We want there to be a direct cause-effect line between a set of teaching practices and student learning.  But there are variables in the learner that disrupt this causation, we are told.  We know this by the ways in which we manipulate student achievement data based upon the presence of students with special education needs, who live in poverty or unstable home environments, are effected by drug and violence in their community, and attend schools with higher percentages of similar students.  Institutionally, we posit that these students will not demonstrate high levels of achievement in learning as compared with students without these challenges.

Yet, there are many stories of success with highly diverse students.  In each of these stories, teachers who add “the art of teaching” to the science of effective teaching practices find ways to connect their teaching to their students and cause high learning achievements.  These teachers observe falling trees and a nighttime moon, because they are present in ways that exceed and/or differ from the standardized instructional practices.

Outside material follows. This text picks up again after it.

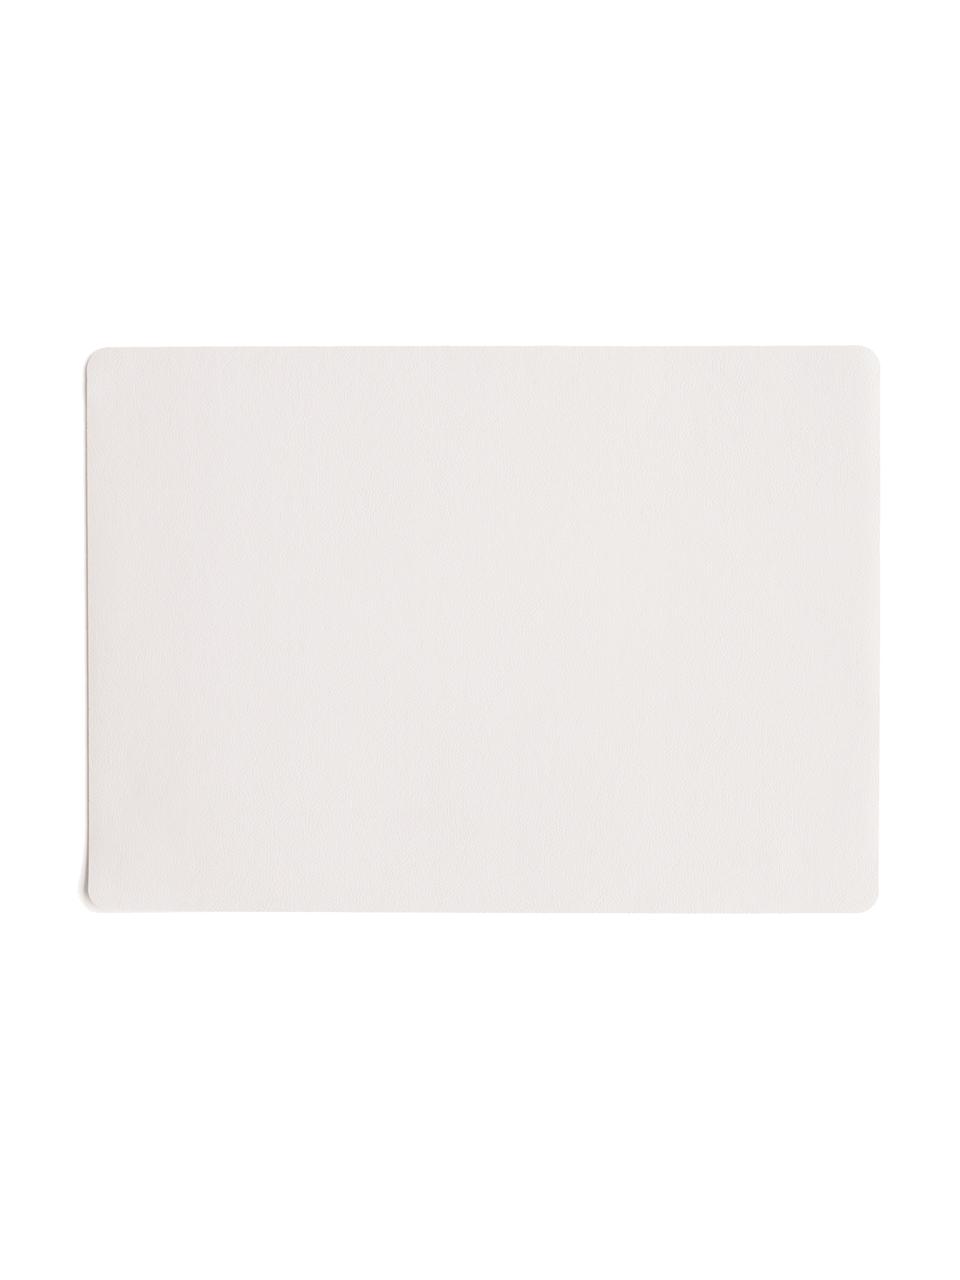 Kunstleder-Tischsets Pik, 2 Stück, Kunstleder (PVC), Weiß, B 33 x L 46 cm

I refer to Billy Bean in the movie Money Ball.  “If he is a good hitter, why doesn’t he hit good.  We need more players that hit good.”  For Bean, the batter’s technical skills were not as important as the batter’s ability to get on base.  For educators, the teacher’s technical skills matter but not as much as the teacher’s ability to cause all children to successfully learn their grade level or course curriculum.  We need to prioritize our teachers who cause children to get on base and score with high regularity.  Otherwise, a teacher can teach a classroom empty of students or full of inattentive students and still believe that teaching occurred.  Without learning, there is no teaching.

(Prioritizing learning outcomes does not condone a reaching of achievement measures by any means possible.  Breaching professional ethics can and should lead to loss of employment and/or incarceration.)